Oh! où voudrais-je être quand mon gosier sera sec?
Oh! où voudrais-je être quand voleront les balles?
Oh! où voudrais-je être à l'heure de mourir?
Mais!
Quelque part tout près de mon copain.
S'il a quelque chose à boire il m'en donnera,
Si je meurs il me soutiendra la tête,
Et quand je serai mort il écrira à ceux de chez moi.
Que Dieu nous donne un bon copain!
(Chanson de chambrée.)
Mes amis Mulvaney et Ortheris étaient partis à la chasse pour un jour.
Learoyd était encore à l'hôpital à se remettre d'une fièvre attrapée en Birmanie.
Ils m'envoyèrent une invitation à les rejoindre, et ils furent réellement peinés en me voyant apporter de la bière, en quantité presque suffisante pour contenter deux simples soldats d'infanterie… et moi-même.

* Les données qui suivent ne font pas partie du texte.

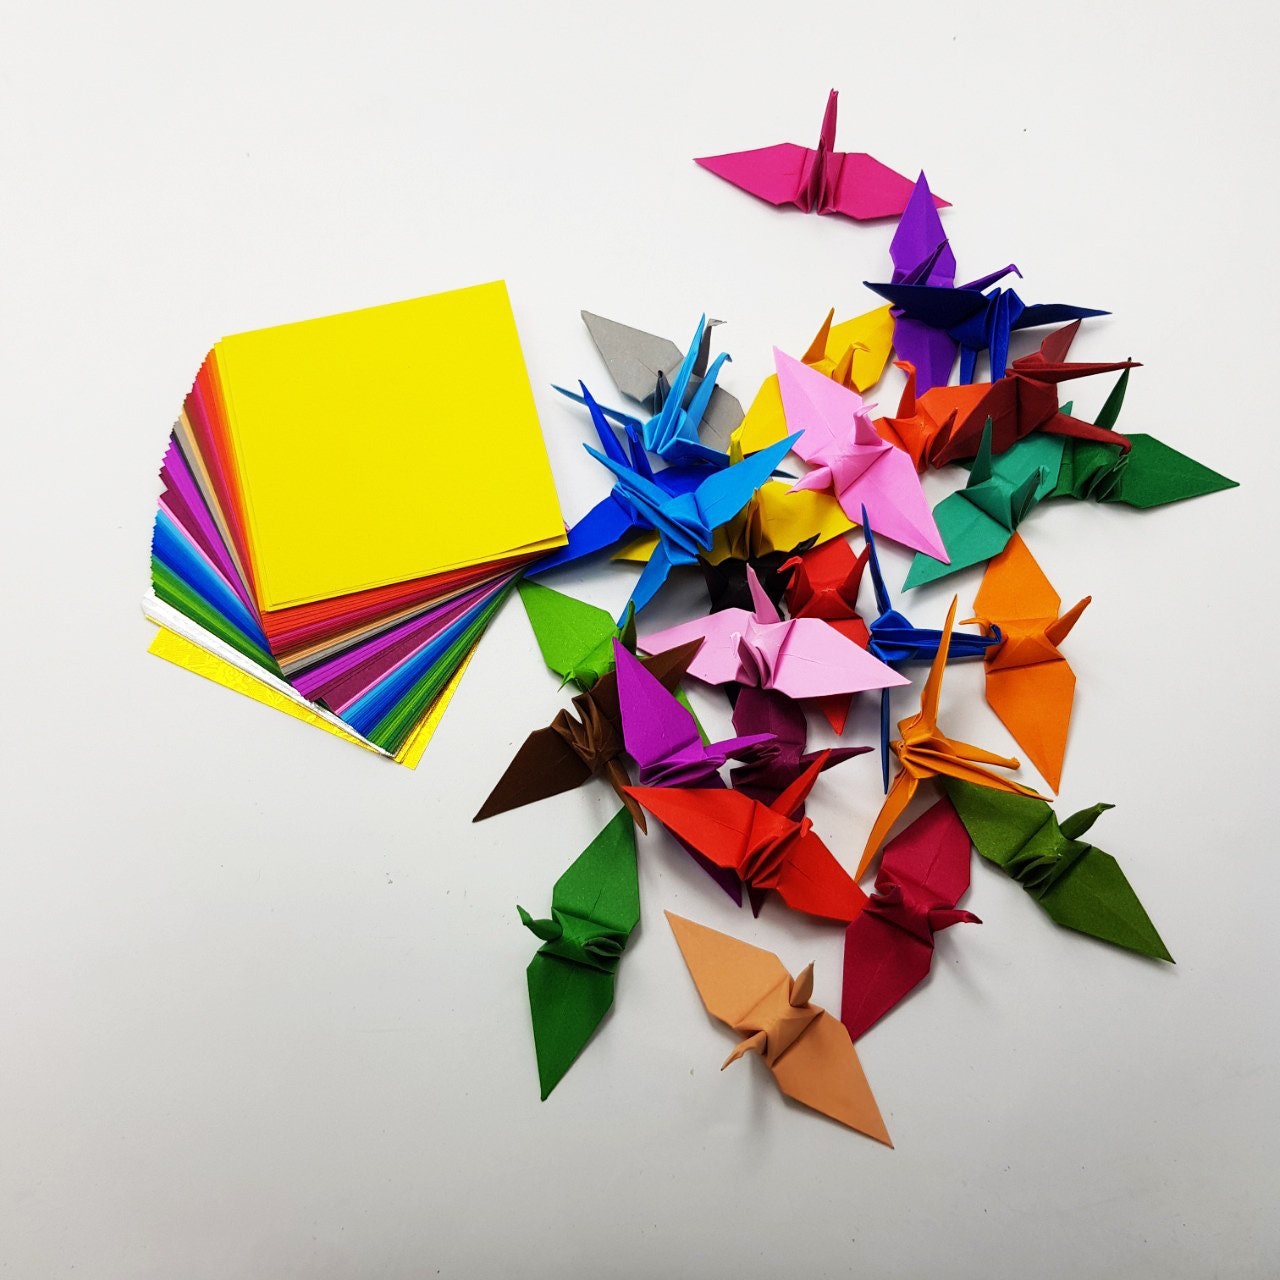 101 Origami Paper Sheets 31 Colors 3x3 inches Paper Pack for Paper Craft, Cranes, Flowers

—Ce n'est pas pour ça que nous vous avons invité, monsieur: c'est pour le plaisir de votre société, dit Mulvaney d'un air boudeur.
Ortheris vint à mon aide en ces termes:
—Bah! Il ne s'en trouvera pas plus mal pour avoir apporté du liquide avec lui. Nous ne sommes pas des gens de la haute. Nous sommes de damnés Tommies, tu entends, mauvais Irlandais, et… à votre bonne santé!
Nous chassâmes toute la matinée et nous tuâmes deux chiens errants, quatre perroquets verts au perchoir, un vautour près du défilé où il fait chaud, un serpent volant, une tortue de terre, et huit corbeaux.
Le gibier abondait.
Ensuite on s'installa pour le goûter,—bœuf et boule de son, comme disait Mulvaney,—au bord de la rivière, non sans tirer à la cible sur les crocodiles, tout en coupant notre viande avec le seul couteau de poche que nous possédions à nous trois.